Second, even if an oral agreement existed between the parties, the doctrine of equitable
estoppel does not take this case out of the Statute of Frauds. There is nothing to demonstrate that
any action on the part of Ms. Thornton caused Mr. Clemons to do anything he otherwise would not
have done. Mr. Clemons incurred the debt on the boat in exchange for an alleged oral agreement
from Mr. Thornton. His liability was not predicated on any act of Ms. Thornton. Mr. Clemons has
not demonstrated that he changed his position in reliance on any act or agreement of Ms.
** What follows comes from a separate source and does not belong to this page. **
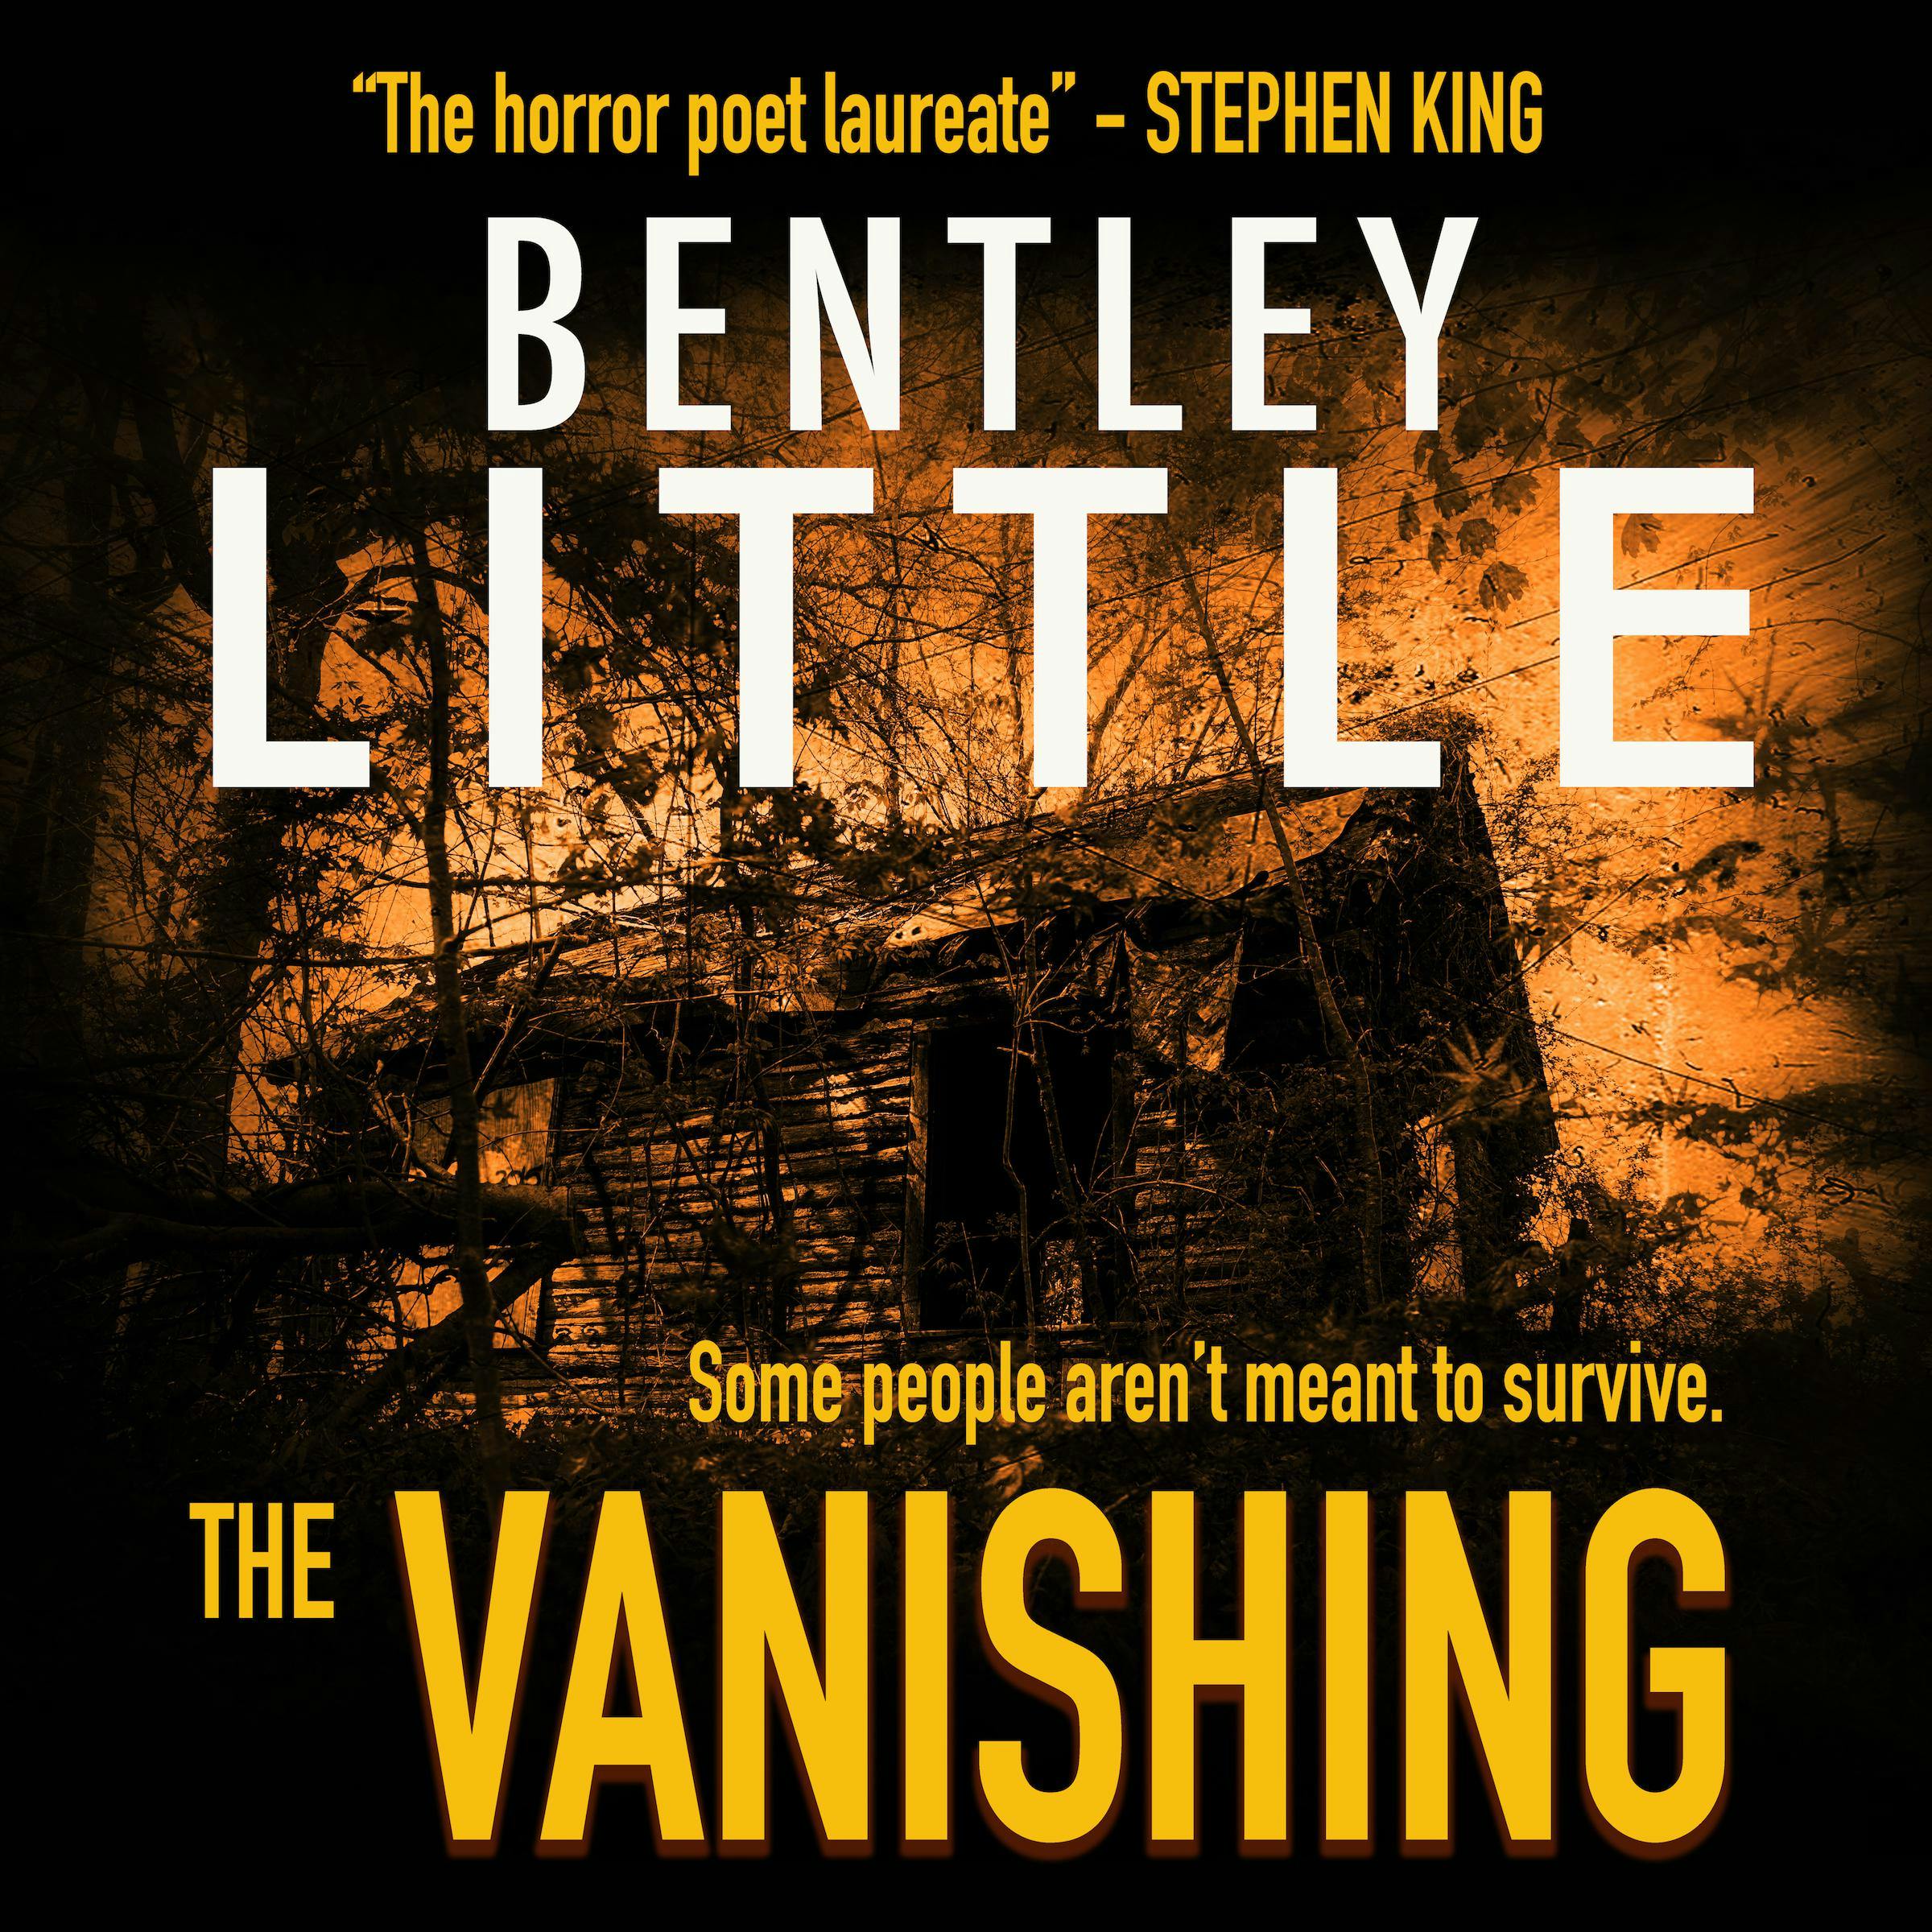 The Vanishing - Bentley Little

Thornton.
This is not an exceptional case where enforcement of the Statute of Frauds would result in the
perpetration of a virtual fraud.
Although we are not insensitive to the fact that Mr. Clemons incurred this debt in order to
purchase a boat on behalf of his brother, this case, as reflected by the record before us, is a matter
of “he said - she said.” There is no evidence of mutual assent to essential terms sufficient to
demonstrate an enforceable oral contract. Additionally, any alleged after-the-fact agreement by Ms.
Thornton to assume the debt incurred by Mr. Clemons did not induce Mr. Clemons to do or refrain
from doing anything that would have altered his liability for the debt to Bombardier Capital. Thus,
the doctrine of equitable estoppel would not remove this case from the Statute of Frauds.
Holding
In light of the foregoing, we reverse the judgment of the trial court. Costs of this appeal are
taxed to the Appellee, Terry C. Clemons.